▶ [Your goal] Once the line holding "julia-dave-wedding-bridesmaids2-0414.jpg" appears, repeat it and each line after it to the end of the data, exactly and with nothing else; pictures stay out.

(Collected data Opens)

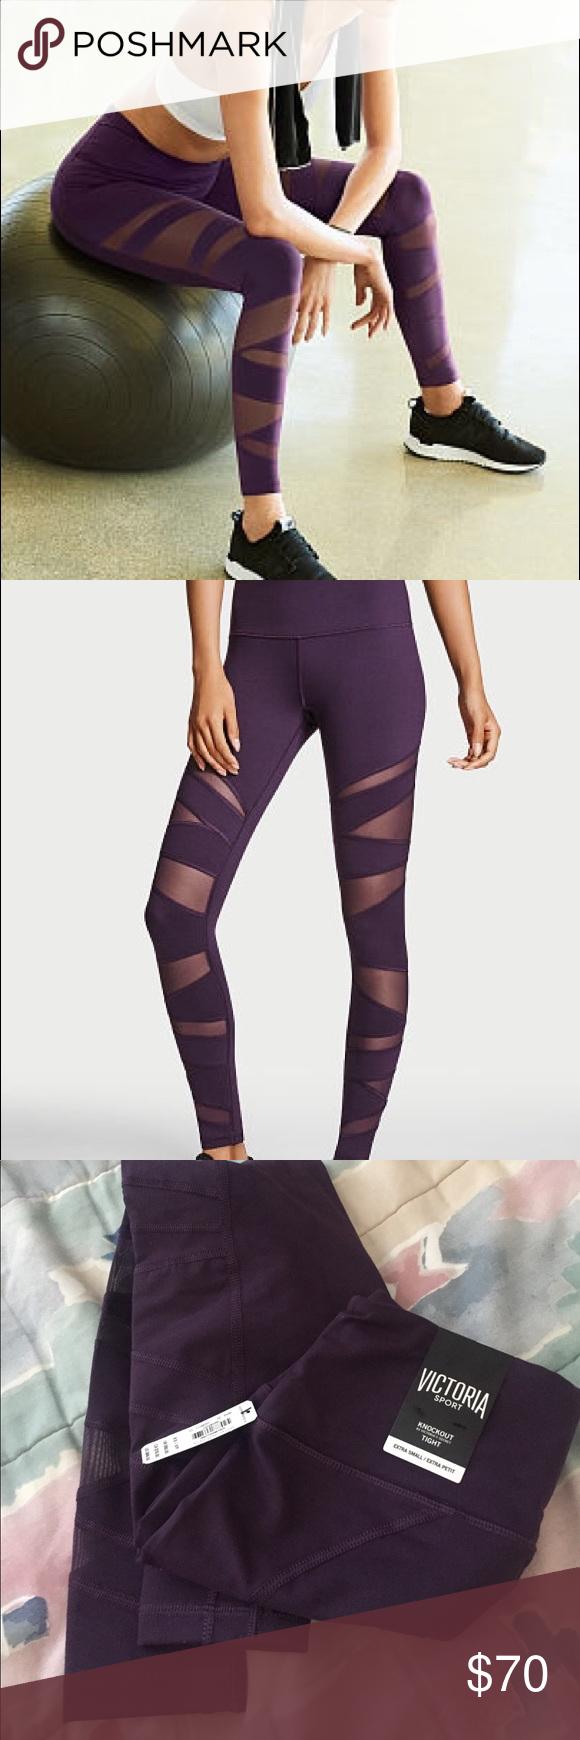 ca988d1c111e0 Victorias Secret Sport knockout mesh wrap leggings Size XS. BNWT brand new  with tags Victoria
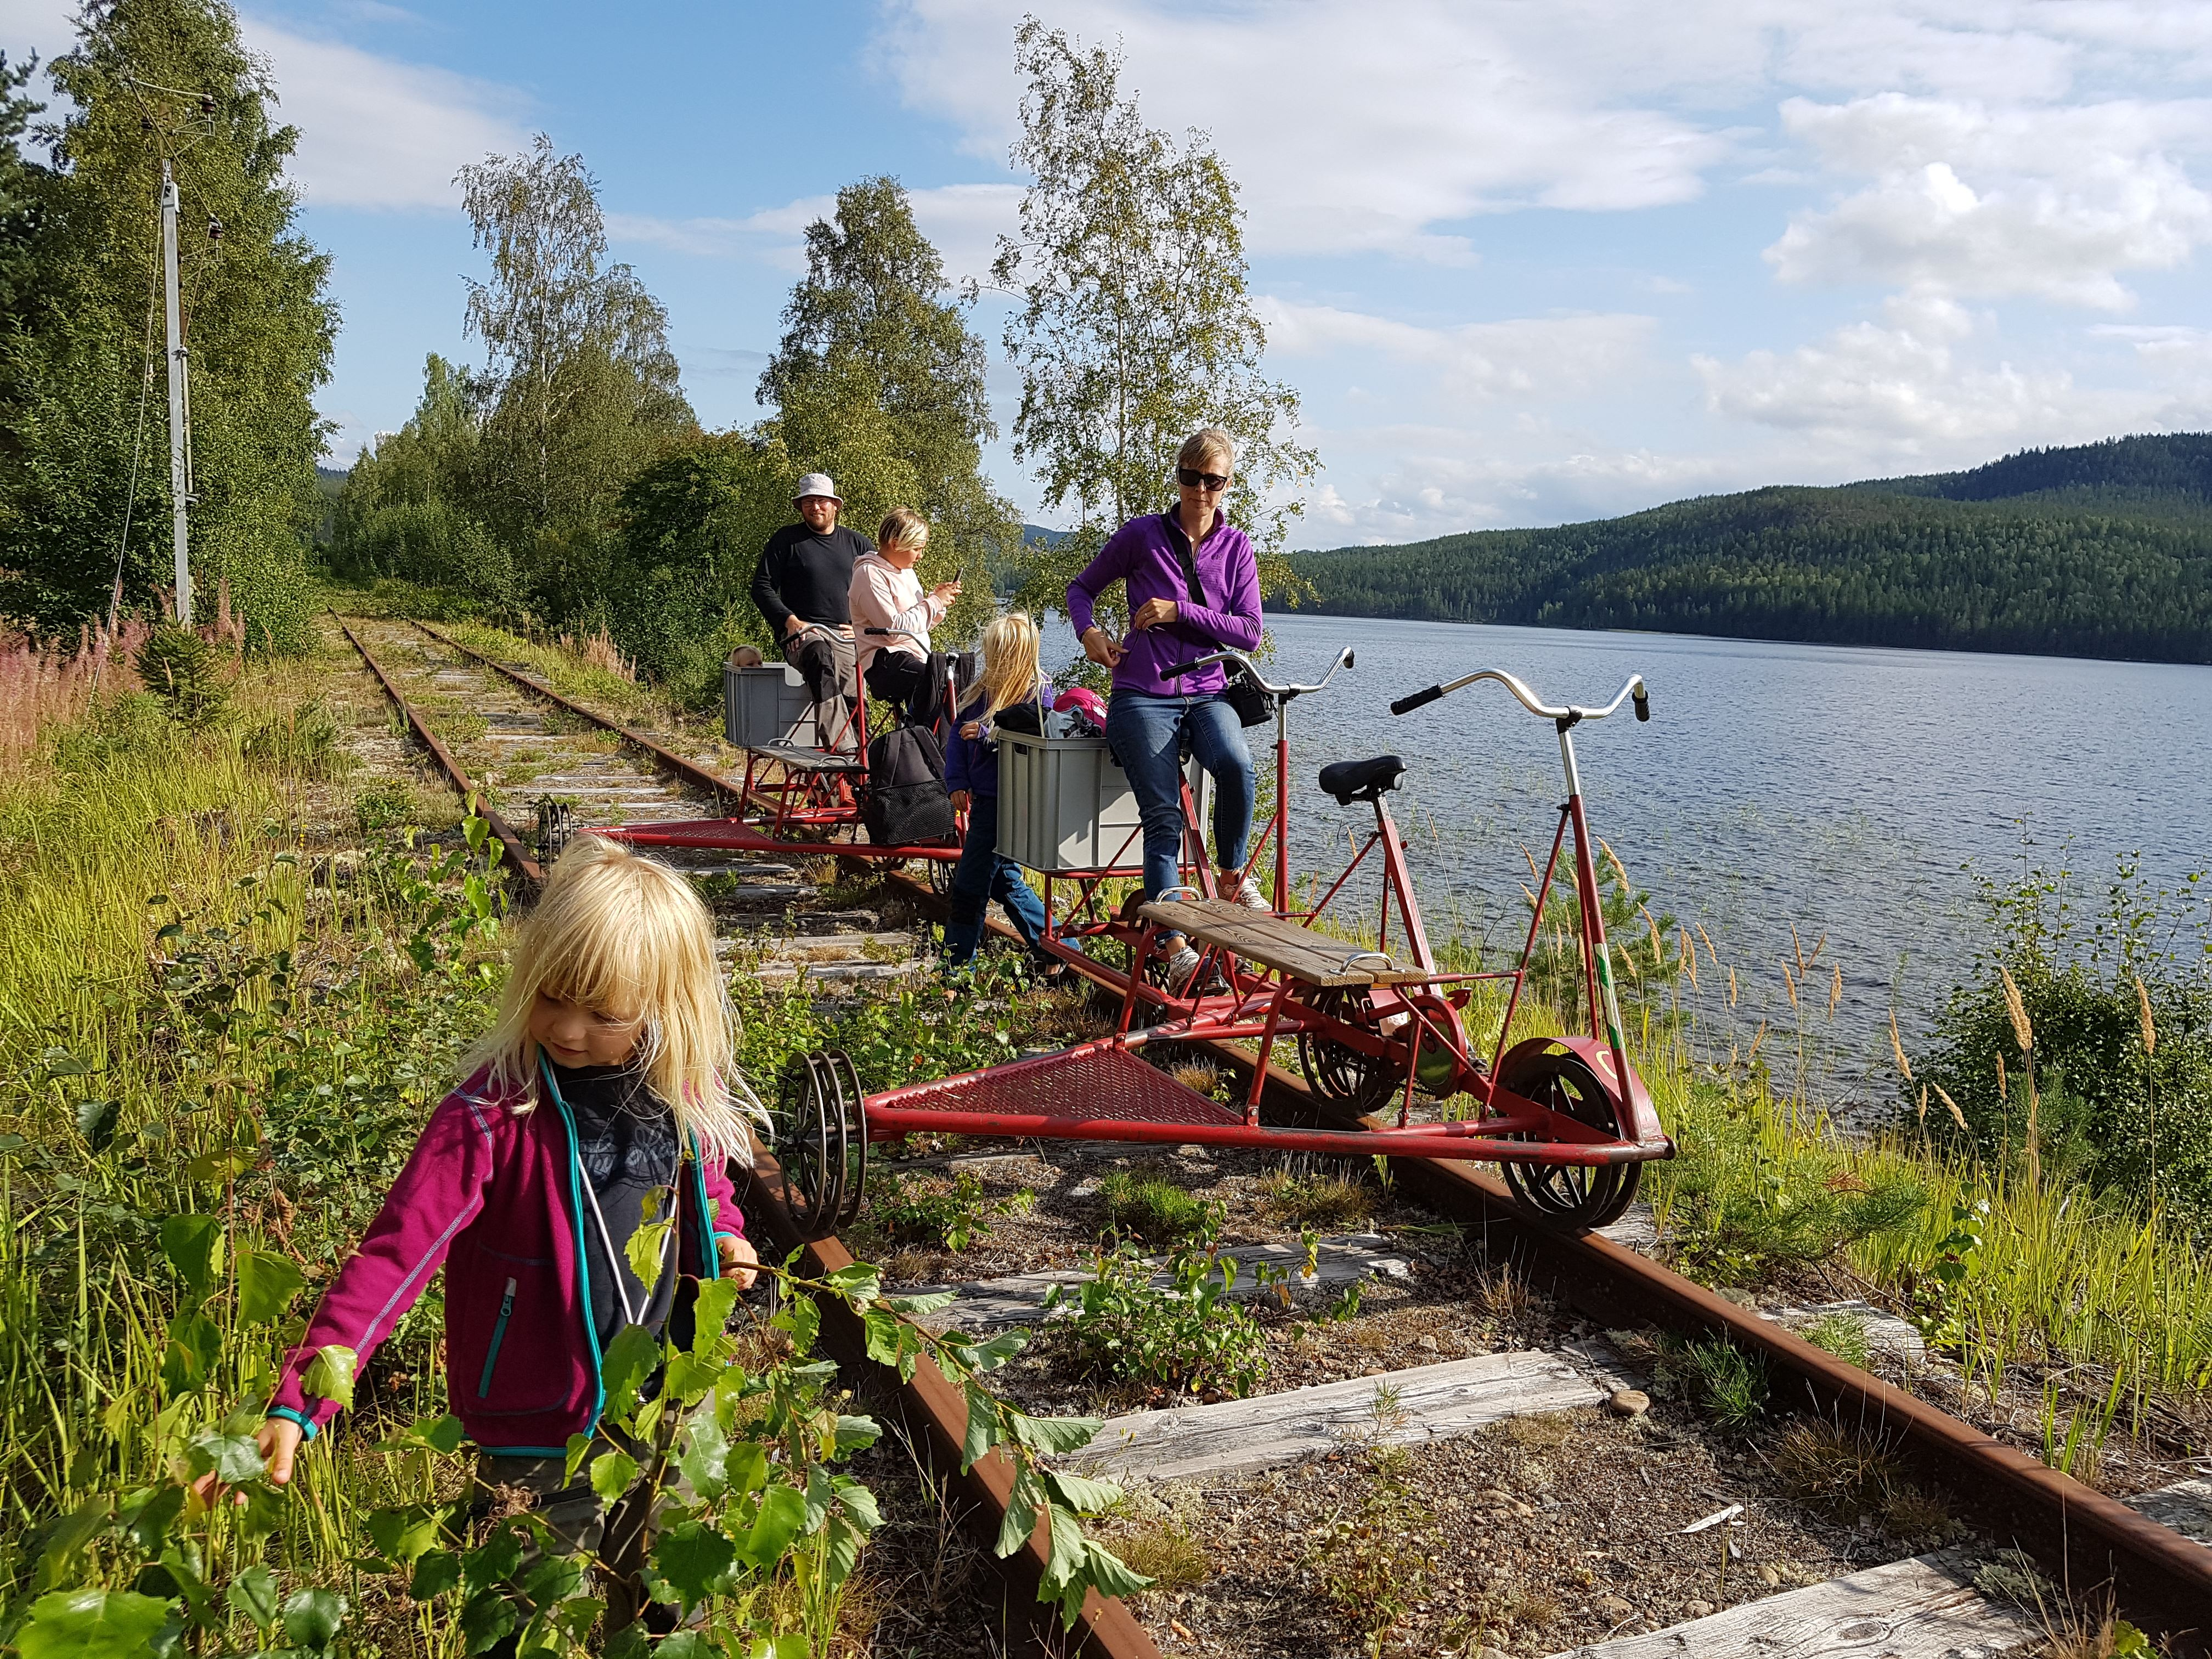 Fredric Berg, Rail trolley riding on Dellenbanan (the Dellen railroad)
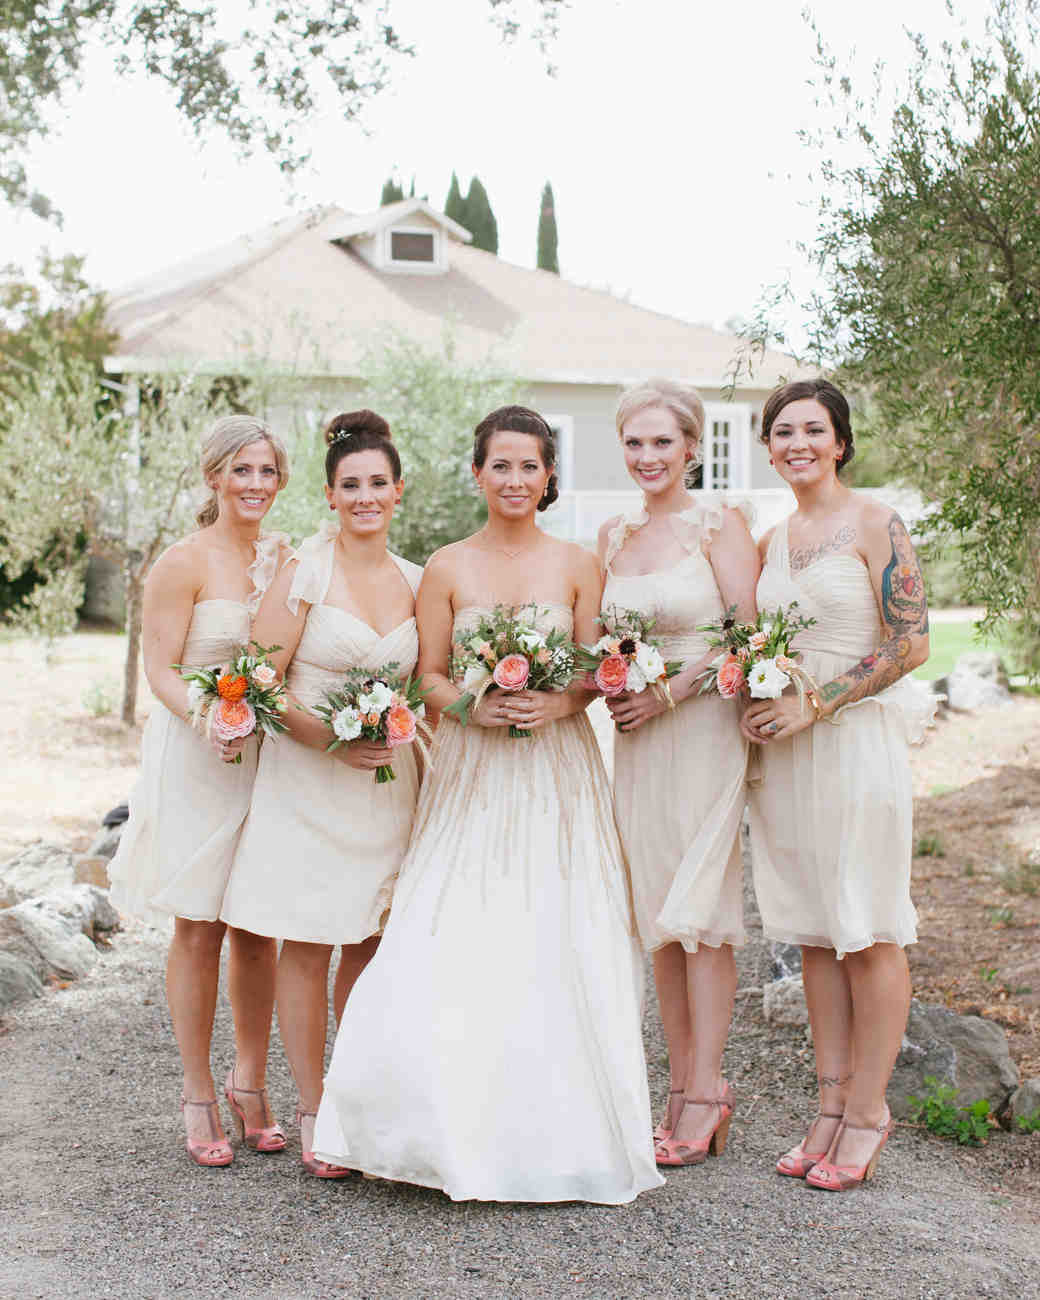 julia-dave-wedding-bridesmaids2-0414.jpg
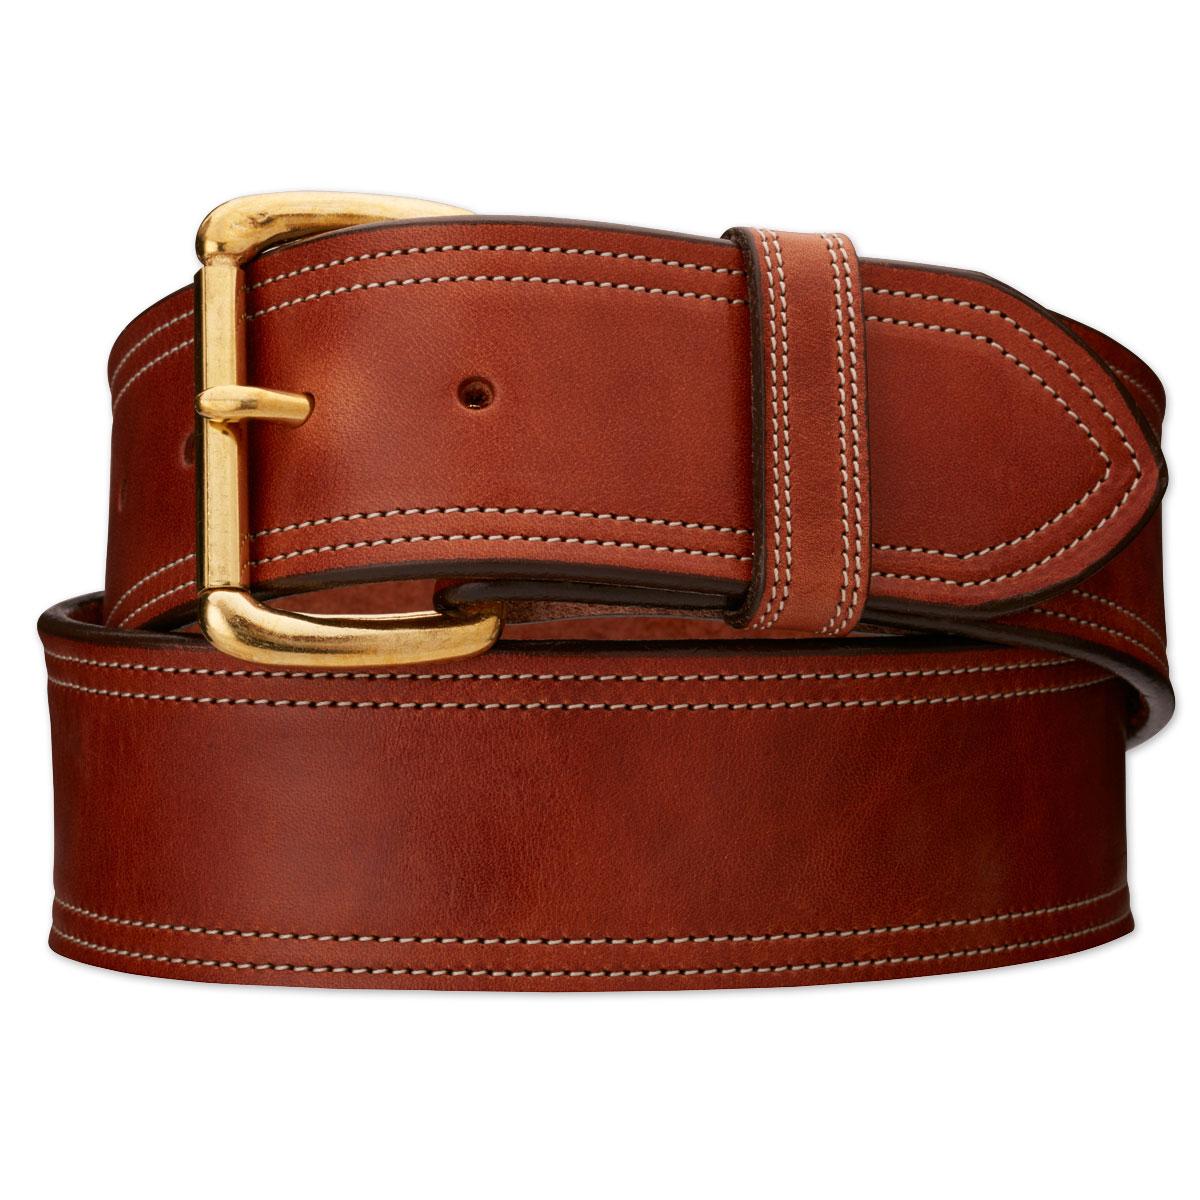 Tory Leather Trim Stitched Belt

(Collected data Closes)

▶ [Solution]
 julia-dave-wedding-bridesmaids2-0414.jpg
 Tory Leather Trim Stitched Belt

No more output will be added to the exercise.